There weren't many comfortable surfaces inside the cafe, so Taehyun pulled a timeworn armchair in which Old Mr Gander used to sit from the corner of the room and reclined it so that Soobin could lie down. Soobin told him that he didn't want to be treated as if he was dying, but a headache kept pulsating uncomfortably inside his skull, so he caved in and went to rest. Taehyun pointed out that fainting in an armchair is less troublesome than fainting while standing up.
"Keep breathing," Yeonjun whispered to Mrs Cow. "You'll do good."
Taehyun took a dishtowel and searched the shelves for a flask of light-coloured tea, which he used to dampen the material. He then carefully placed it on Soobin's forehead, making him startle.
"Keep it there," Taehyun said. "It'll take away the fever like it's magic."
Soobin hummed, pressing the edges of the compress to its temples.
"Have some of this too." Taehyun offered him a bowl of candied ginger root. "Should help if you feel like vomiting."

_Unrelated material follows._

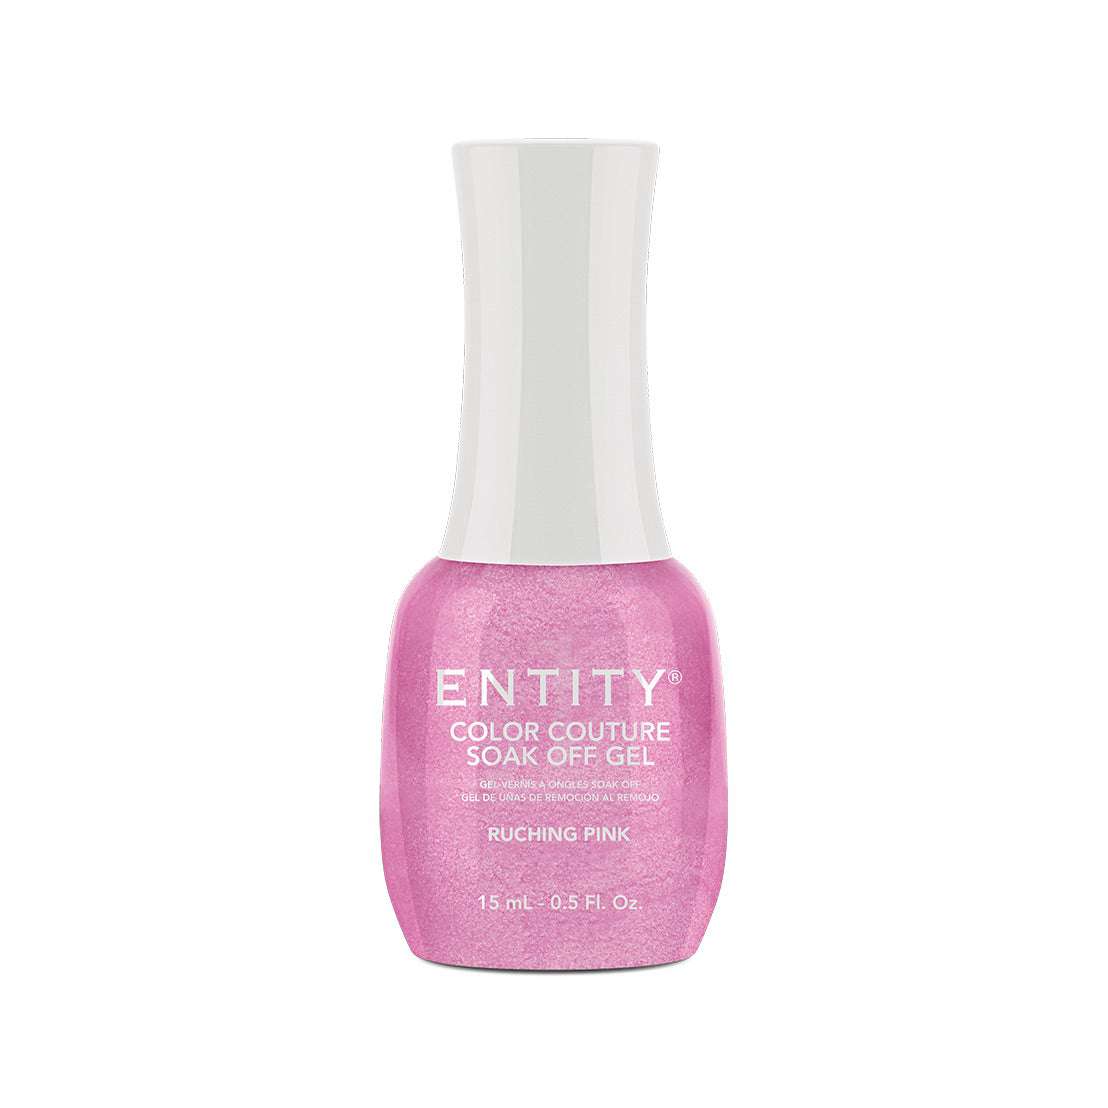 Entity Gel Soak Off - Ruching Pink 15 mL/0.5 Fl. Oz

The room felt silent afterwards. Taehyun sat idly at a table, sometimes looking either at Yeonjun kneeling next to Mrs Cow, whose uneven breaths could easily be heard in the quiet, or at Soobin napping in the armchair. He fanned himself with a coaster. By some phenomenon he couldn't understand, the tree hollow rarely became too hot, even in the summer heat. It was part of the reason he liked working there: it felt like an alternate world encapsulated inside the real one, a cool, pleasant-smelling refuge for both him and the animals who were looking for his services. Or maybe he just hated sunlight an unfair amount. He stood up to check Soobin's compress.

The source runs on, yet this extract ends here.